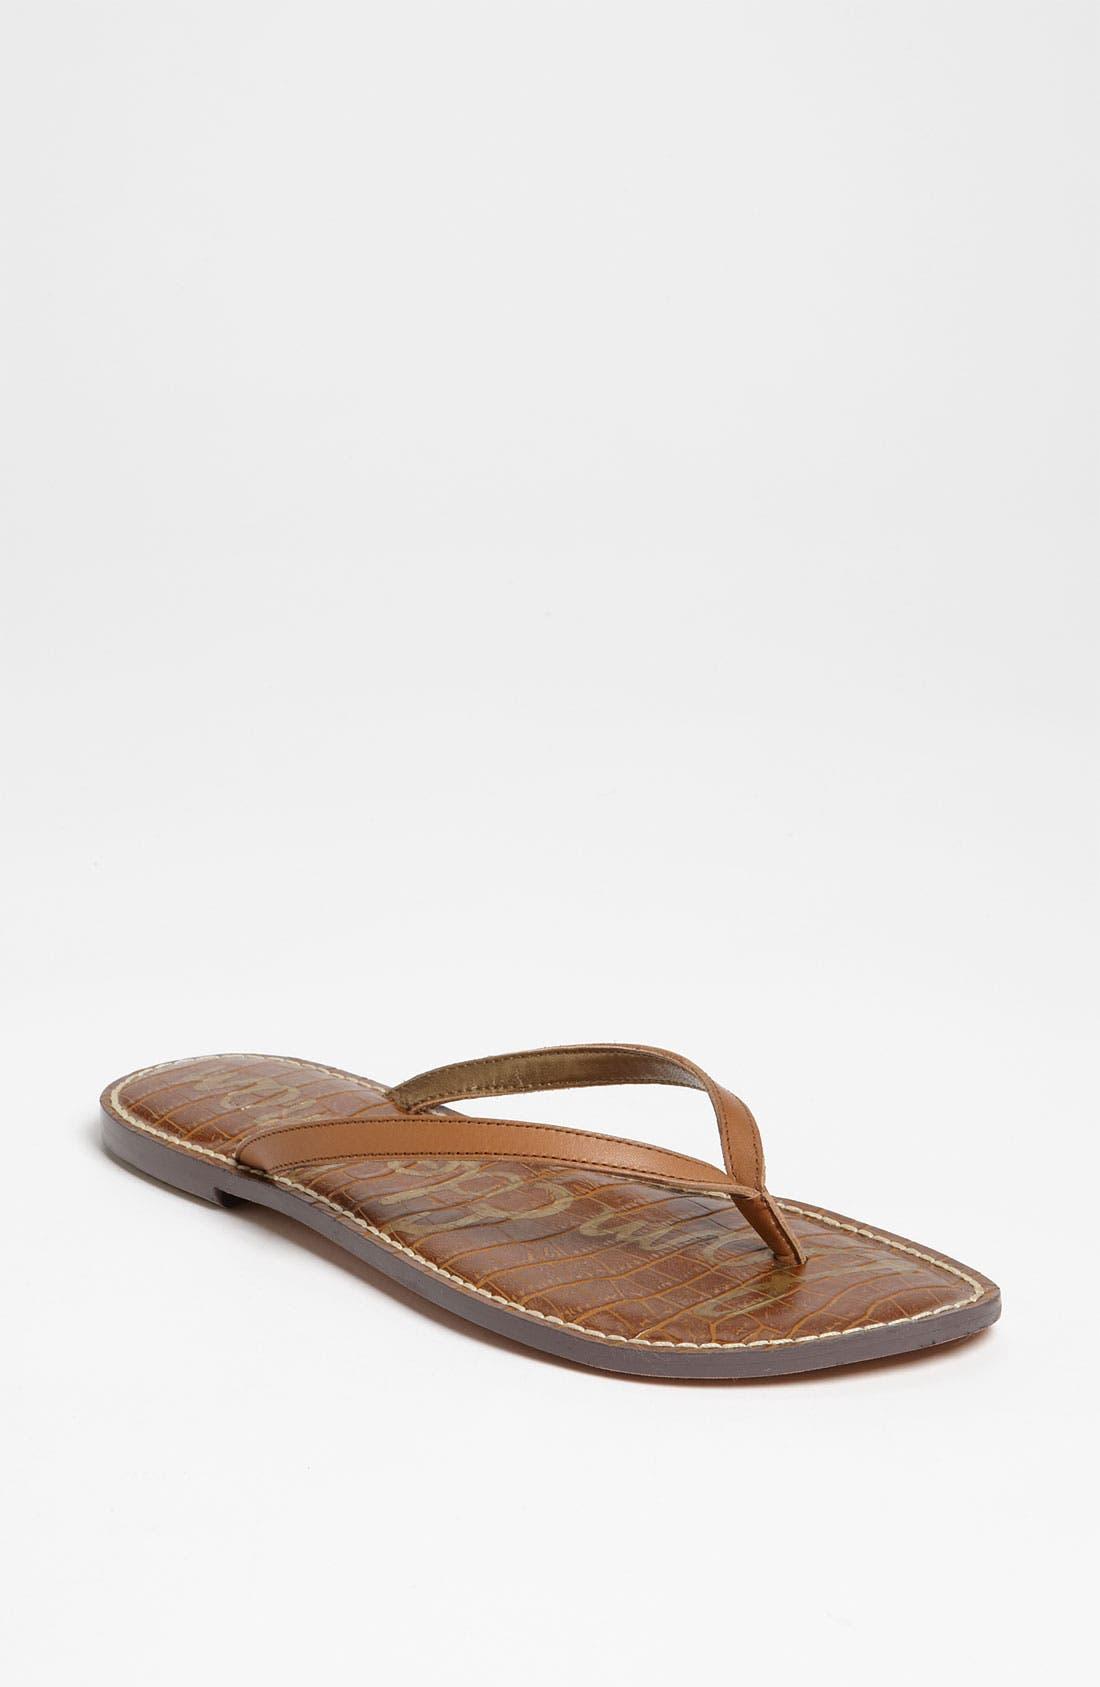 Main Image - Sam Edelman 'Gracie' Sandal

...

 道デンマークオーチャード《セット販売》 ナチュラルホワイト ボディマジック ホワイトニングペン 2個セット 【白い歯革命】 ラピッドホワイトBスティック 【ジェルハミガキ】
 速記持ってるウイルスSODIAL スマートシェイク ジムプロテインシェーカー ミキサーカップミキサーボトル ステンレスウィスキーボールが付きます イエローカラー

* * *

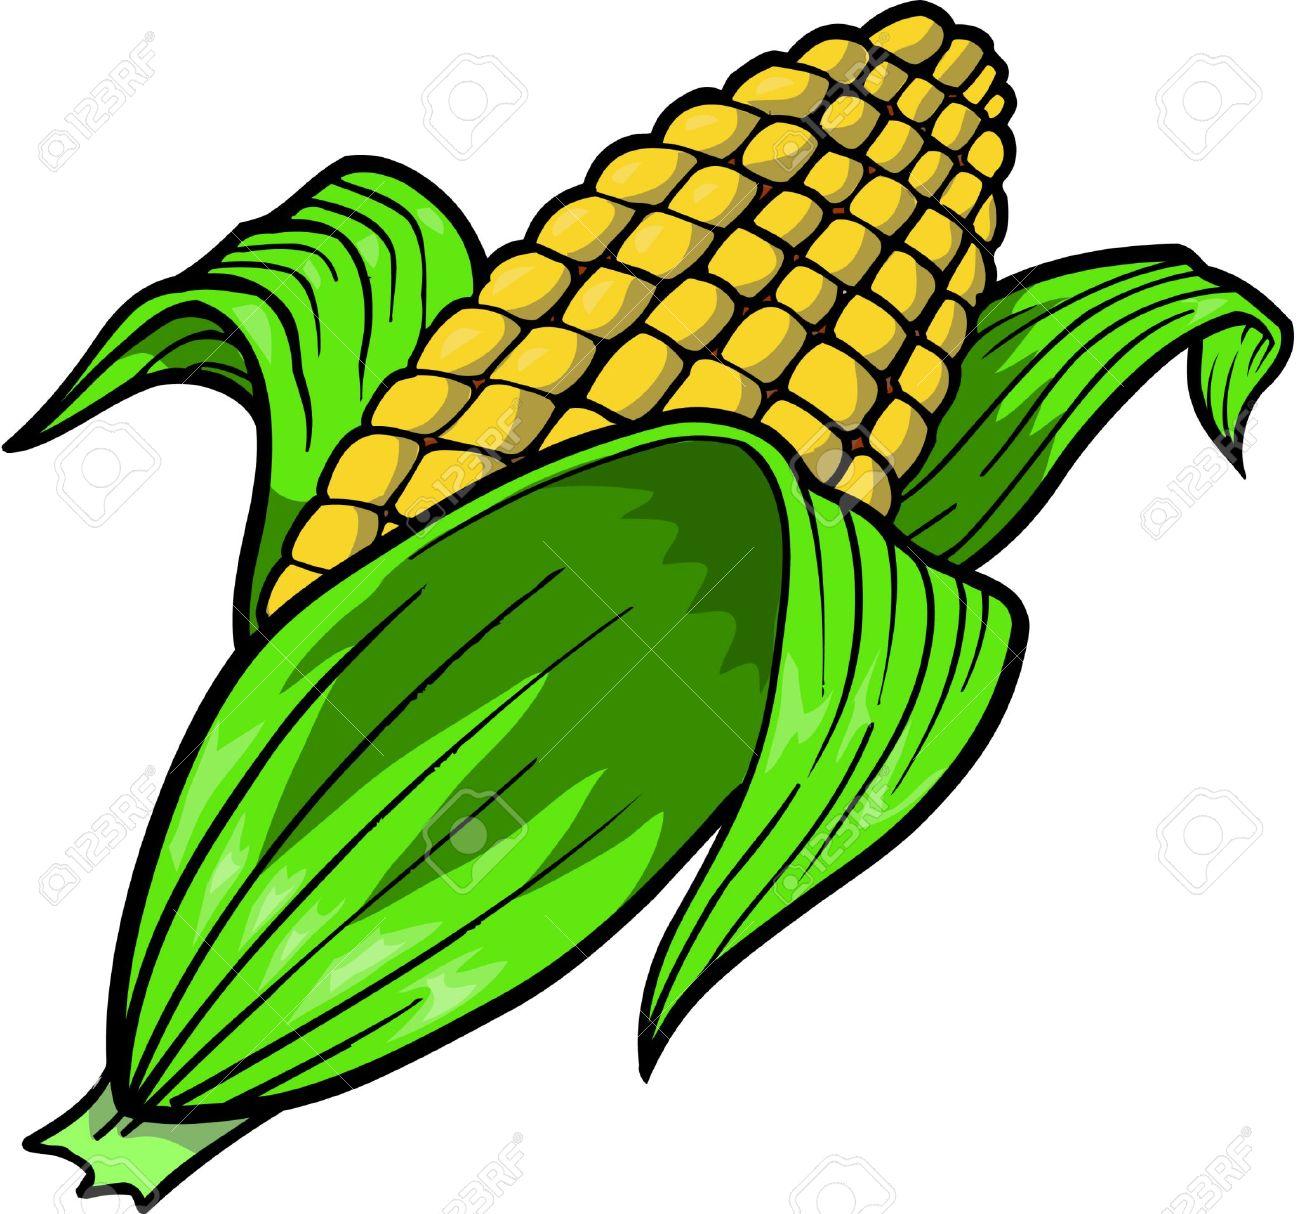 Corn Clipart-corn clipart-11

**WORK TASK:** Look above for the line holding "道デンマークオーチャード《セット販売》 ナチュラルホワイト ボディマジック" and the line holding "速記持ってるウイルスSODIAL スマートシェイク ジムプロテインシェーカー", then output exactly those two lines and every line between them, nothing more.

**FINAL ANSWER:**
 道デンマークオーチャード《セット販売》 ナチュラルホワイト ボディマジック ホワイトニングペン 2個セット 【白い歯革命】 ラピッドホワイトBスティック 【ジェルハミガキ】
 速記持ってるウイルスSODIAL スマートシェイク ジムプロテインシェーカー ミキサーカップミキサーボトル ステンレスウィスキーボールが付きます イエローカラー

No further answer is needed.